Изменить размер шрифта - +

— Одну, одну, — задумчиво ворчит он. — Попробуй-ка одну-то…

Он смотрит в даль, за синюю полосу реки, на рыжие луга, на черный, встрепанный осенним ветром кустарник, бедненько одетый золотом листьев. Лицо Сашки — мило-задумчивое, видно, что он по горло сыт приятными воспоминаниями и они играют на душе его, как лучи солнца на воде ручья.

— Сядем, — предлагает он, остановясь у глинистого обрыва, за стеною монастыря.

Ветер гонит клочья облаков, по лугам летят тени; на реке стучит рыбак, конопатит лодку.

— Слушай, — говорит Сашка, — давай поедем в Астрахань?

— Зачем?

— Так. А то — в Москву?

— А как же — Лиза?

— Лиза… н-да-а…

И, в упор глядя на меня, спрашивает:

— Влюбился я в нее али нет еще?

— Ты бы околодочного спросил об этом.

Он хохочет; смех у него легкий, ребячий. Взглянул на солнце, на тени и вскакивает на ноги.

— Сейчас конфетчицы выйдут, — айда!

Он быстро шагает в улицу, озабоченный, засунув руки в карманы, нахлобучив картуз на глаза. Из ворот одноэтажного, казарменной постройки, дома одна за другою шумно выбегают девицы в платочках и серых передниках. Вот и Зина, стройная брюнетка с монгольским лицом и раскосыми глазами, в красной кофте, туго охватывающей ее бюст.

— Идем кофей пить, — говорит Сашка, хватая ее за руку, и сразу же торопливо начинает:

— Неужто ты все-таки выйдешь за эту плешивую собаку? Ведь он тебя ревновать будет…

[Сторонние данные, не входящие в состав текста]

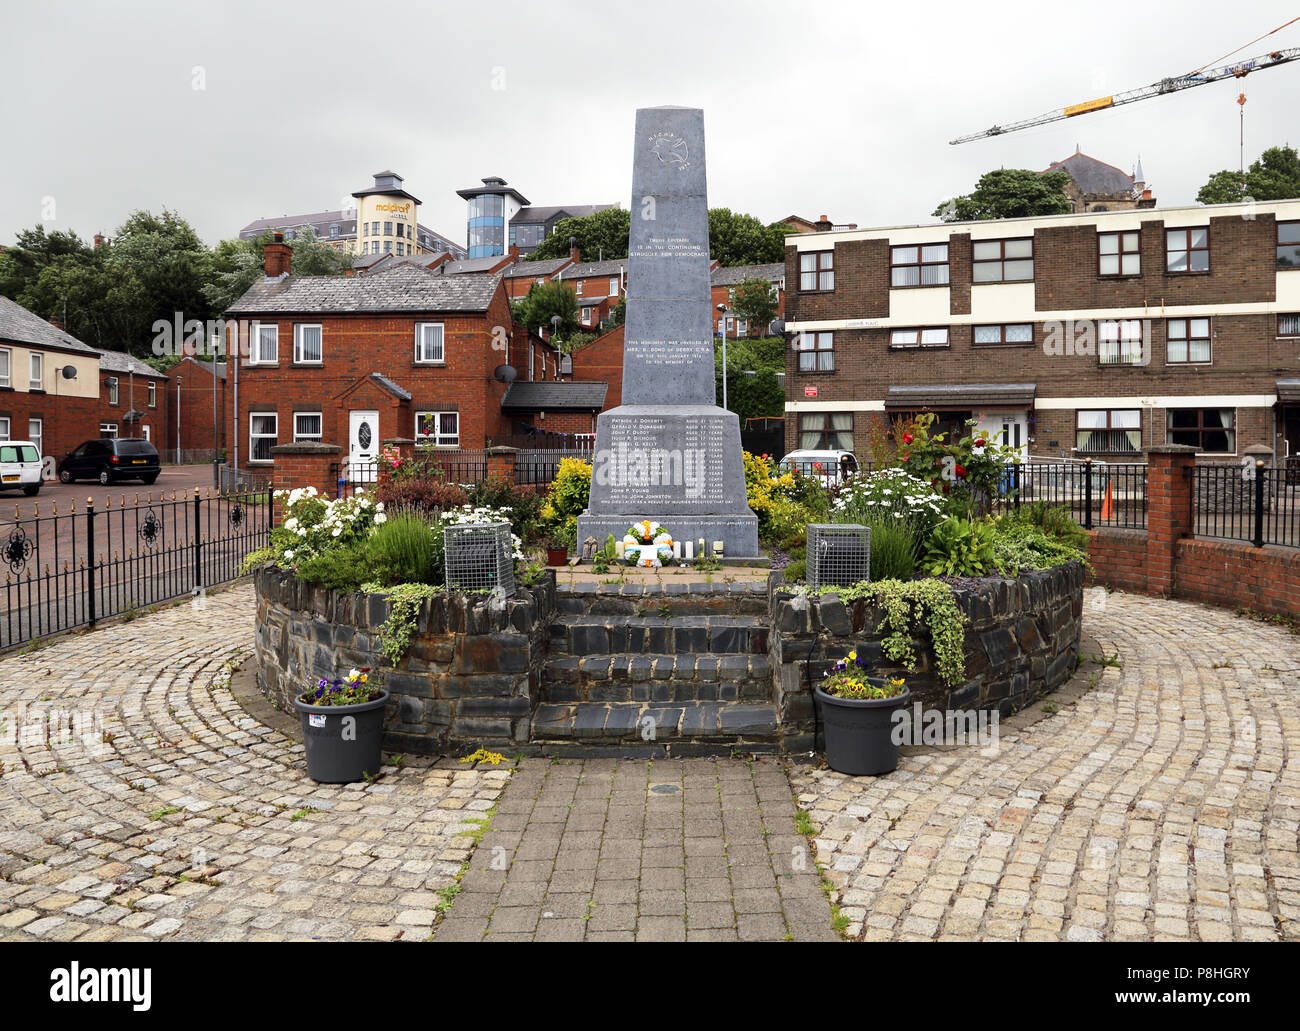 Monument memorializing the killing of 14 unarmed civilians by British troops on January 30, 1972 in the Bogside, Derry, Northern Ireland. Stock Photo

— Всякий муж должен ревновать, — серьезно говорит Зина. — А что — за тебя идти?

— И за меня — не надо!

— Брось, — говорит девица, хмурясь. — Что не работаешь?

— Гуляю.

— Эх ты… Не хочу я кофею.

— Вот еще! — восклицает Сашка, увлекая ее за собою в дверь булочной; там, сидя у окна за маленьким столиком, он спрашивает Зину:

— Ты мне веришь?

— Верю всякому зверю, лисе и ежу, а тебе — погожу! — медленно отвечает конфетчица.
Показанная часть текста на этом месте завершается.